Local and regional banks, as financial institutions close to their communities, play a significant role in meeting the economic and social needs of society. In recent years, innovative technologies such as blockchain and artificial intelligence (AI) have provided new opportunities to enhance efficiency, transparency, and security in banking processes. One of the practical applications of these technologies is social credit scoring, which, by integrating social data and intelligent tools, can lead to improved service delivery by local and regional banks.

1. Concept of Social Credit Scoring and Its Importance

Social credit scoring is an approach that utilizes information related to behavior, social relationships, local economic activities, and qualitative evidence to assign a socio-economic rating to individuals and small businesses. This method goes beyond traditional credit scoring metrics (such as banking history and income) to include social and local indicators. As a result, local and regional banks can use this model to make more informed decisions regarding loan disbursement, credit facilities, and financial services.

2. The Role of Blockchain in Social Credit Scoring

Blockchain, as a decentralized and distributed technology, provides a secure and transparent foundation for storing and transferring credit-related data. The benefits of using blockchain in social credit scoring include:

  • Transparency and Immutability: All transactions and credit data are recorded in a distributed ledger, making any changes visible to all stakeholders.
  • Increased Trust: Storing data on blockchain enhances trust among local banks, customers, and other stakeholders, reducing the risk of fraud or misuse.
  • Easy Access to Local Information: By integrating local data (such as information about small businesses, local associations, and NGOs) into blockchain, banks can achieve a more comprehensive understanding of the socio-economic creditworthiness of individuals or businesses.

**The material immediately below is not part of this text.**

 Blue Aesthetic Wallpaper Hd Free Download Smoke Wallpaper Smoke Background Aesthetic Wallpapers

3. Artificial Intelligence and Social Data Analysis

AI, with its capability to identify patterns and process large volumes of structured and unstructured data, provides valuable tools for analyzing social and local data for banks:

  • Detection of Hidden Patterns: AI can uncover hidden patterns in the financial and social behaviors of individuals, establishing meaningful relationships for credit scoring.
  • More Accurate Risk Prediction: By combining local, cultural, and economic data, AI can predict credit defaults more accurately, assisting banks in making better decisions.
  • Personalized Services: AI-driven algorithms analyze user data to deliver financial services tailored to individual and local needs.

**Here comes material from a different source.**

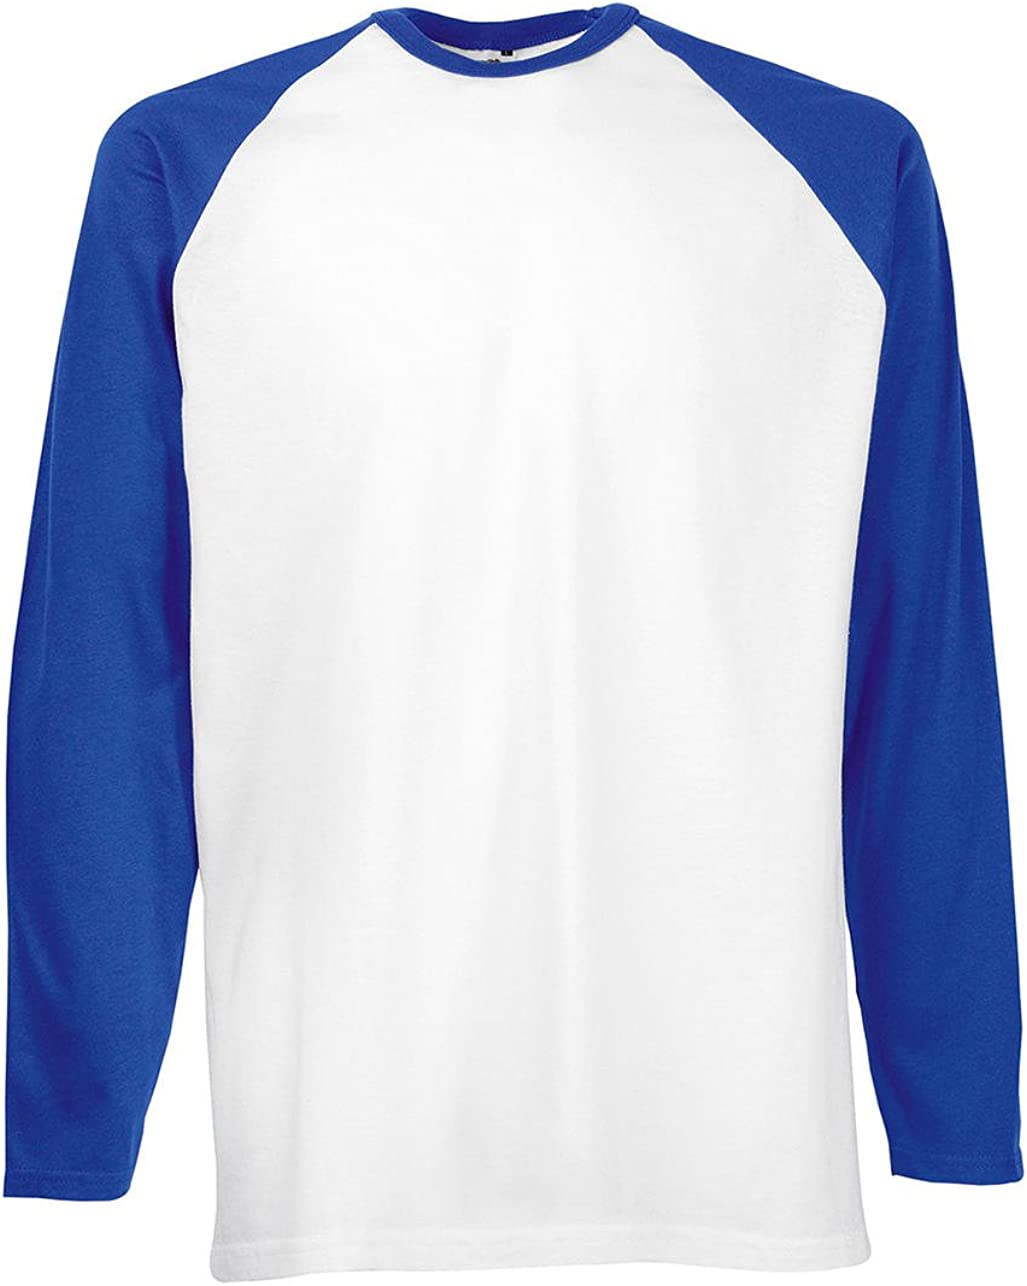 Fruit of the Loom Mens Baseball Classic Long Sleeve T-Shirt

4. Synergy Between Blockchain and AI for Social Credit Scoring

The combination of blockchain and AI can create a secure, transparent, and dynamic system for social credit scoring. In this approach:

  • Blockchain ensures the data is credible, immutable, and traceable.
  • AI uses these reliable data sources to enhance credit scoring models and generate deeper insights.

This synergy results in better access to local financial services, reduced credit risk, and improved economic well-being for communities.

5. Challenges and Considerations

Despite the significant advantages, implementing this approach faces several challenges:

  • Privacy: Protecting personal and local data is a critical concern requiring appropriate legal and ethical frameworks.
  • Data Standardization: Optimizing the use of AI requires high-quality, well-structured social data.
  • Costs and Infrastructure: Establishing and maintaining blockchain and AI infrastructure demands substantial investment and expertise.

6. Role of the Innovation and Social Economy Research Institute at the University of Tehran

The Innovation and Social Economy Research Institute at the University of Tehran, through interdisciplinary research and analysis of international experiences, can contribute to developing strategies for applying blockchain and AI in social credit scoring. By organizing conferences, workshops, and publishing research findings, the institute supports policymakers, local banks, and other stakeholders in advancing sustainable development and strengthening the local economy.

Conclusion

Blockchain and AI, by providing a secure, transparent, and intelligent platform for social credit scoring, offer new possibilities for local and regional banks. By utilizing these technologies, banks can make better decisions and provide more suitable services to local customers. In this context, the Innovation and Social Economy Research Institute at the University of Tehran plays a vital role in identifying opportunities, challenges, and practical solutions for effectively applying these technologies.